# Could I get some opinions on this please?



## Anonymous (Mar 26, 2014)

Hi folks

The button on the left is an 18G button from the weekend. Today I took some other gold powder that we had produced a while go and melted it and got the button on the right. The two buttons have not been treated or cleaned or pickled as can be noted by the small parts of borax on the outer edges. 

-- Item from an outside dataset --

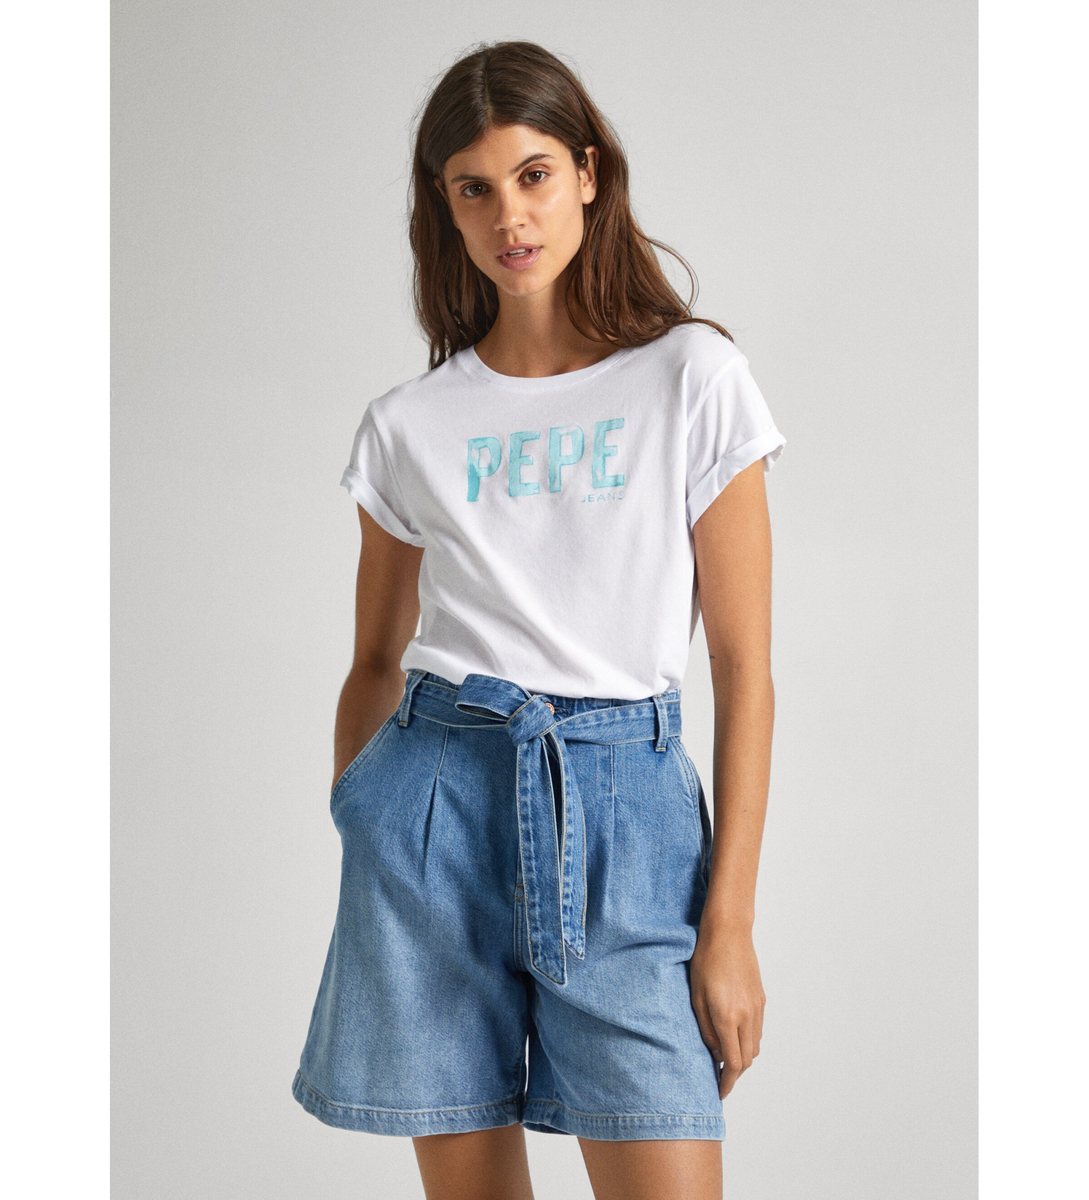 Pepe Jeans dámské bílé tričko JANET s potiskem - M (800)
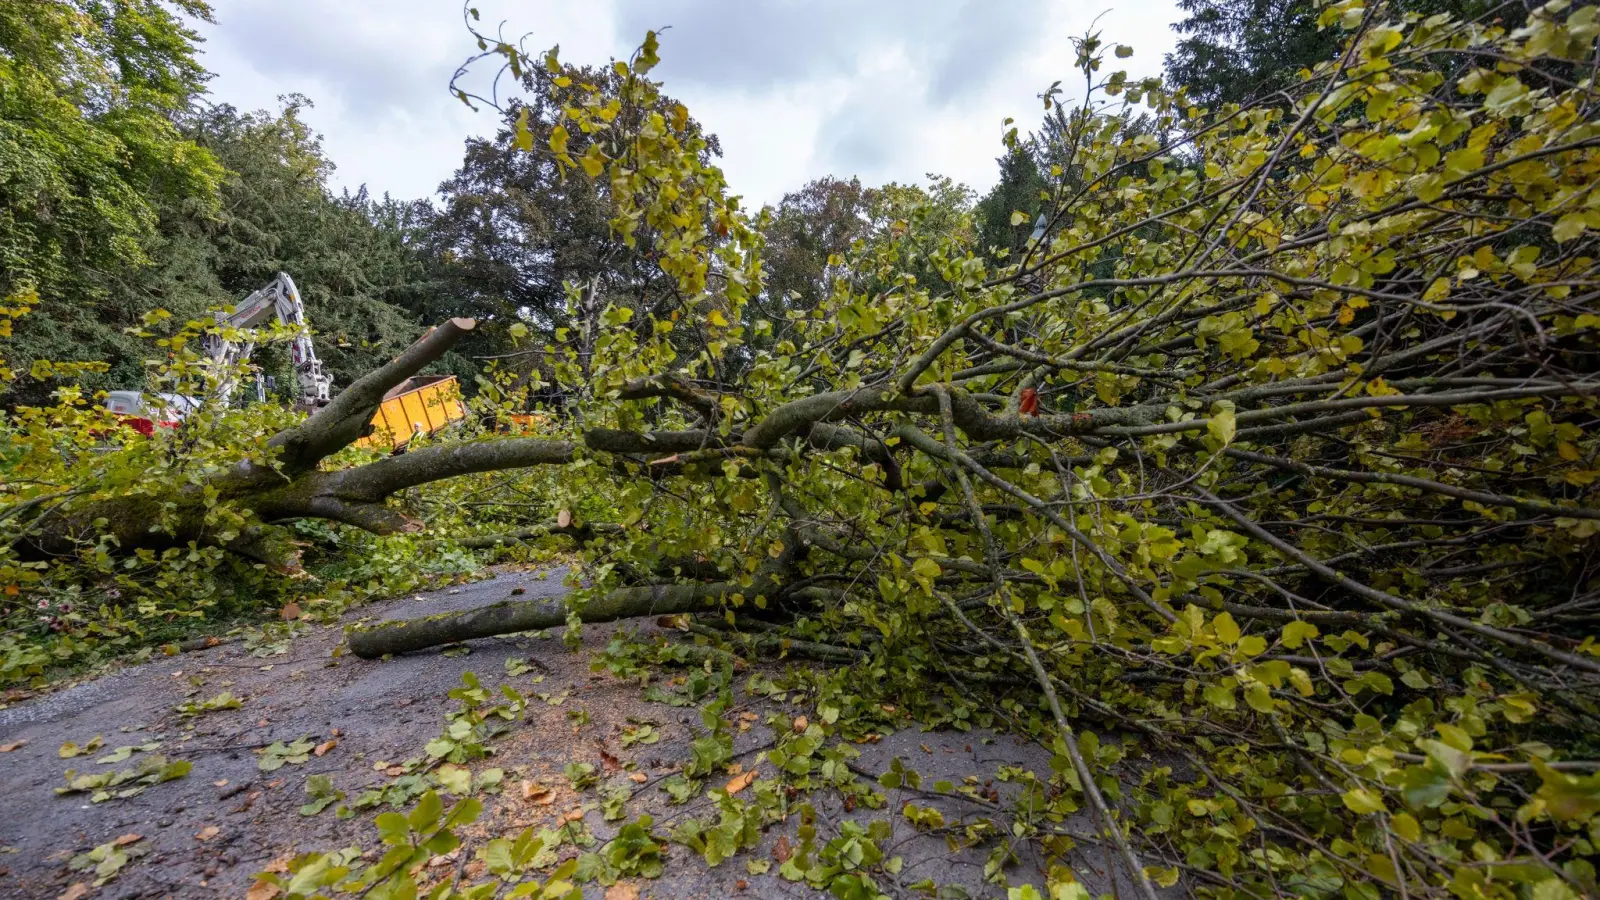 Arbeiter zerlegen den Baum, der aus bisher ungeklärter Ursache umgestürzt ist. (Foto: Heiko Becker/dpa)

I've seen plenty of pipes on here but I'm not sure why the pipe on the larger one is structured as it is. Could I get some opinions, good or otherwise and advice please guys? It's zoomable too for a close look.

Thanks in advance.

Jon


----------



## nickvc (Mar 26, 2014)

Jon as in most things size matters :lol: 
The reason is fairly simple the larger button is showing the crystal structure better as it has a larger area for it to form, proof of good clean metal.


----------



## Anonymous (Mar 27, 2014)

Thanks Nick I appreciate the feedback from you.....


----------



## necromancer (Mar 27, 2014)

very nice !!
looks much better then the 20 gram button i have


----------



## Geo (Mar 28, 2014)

Looks great to me. I dont see a reason to feel that its less than three nine's.


----------



## cmiller92 (Mar 28, 2014)

All of the great buttons I am seeing makes me want to get out of here so much faster, great job spaceships!


----------



## Anonymous (Mar 28, 2014)

Thanks guys - I'm glad it wasn't a disaster actually.


----------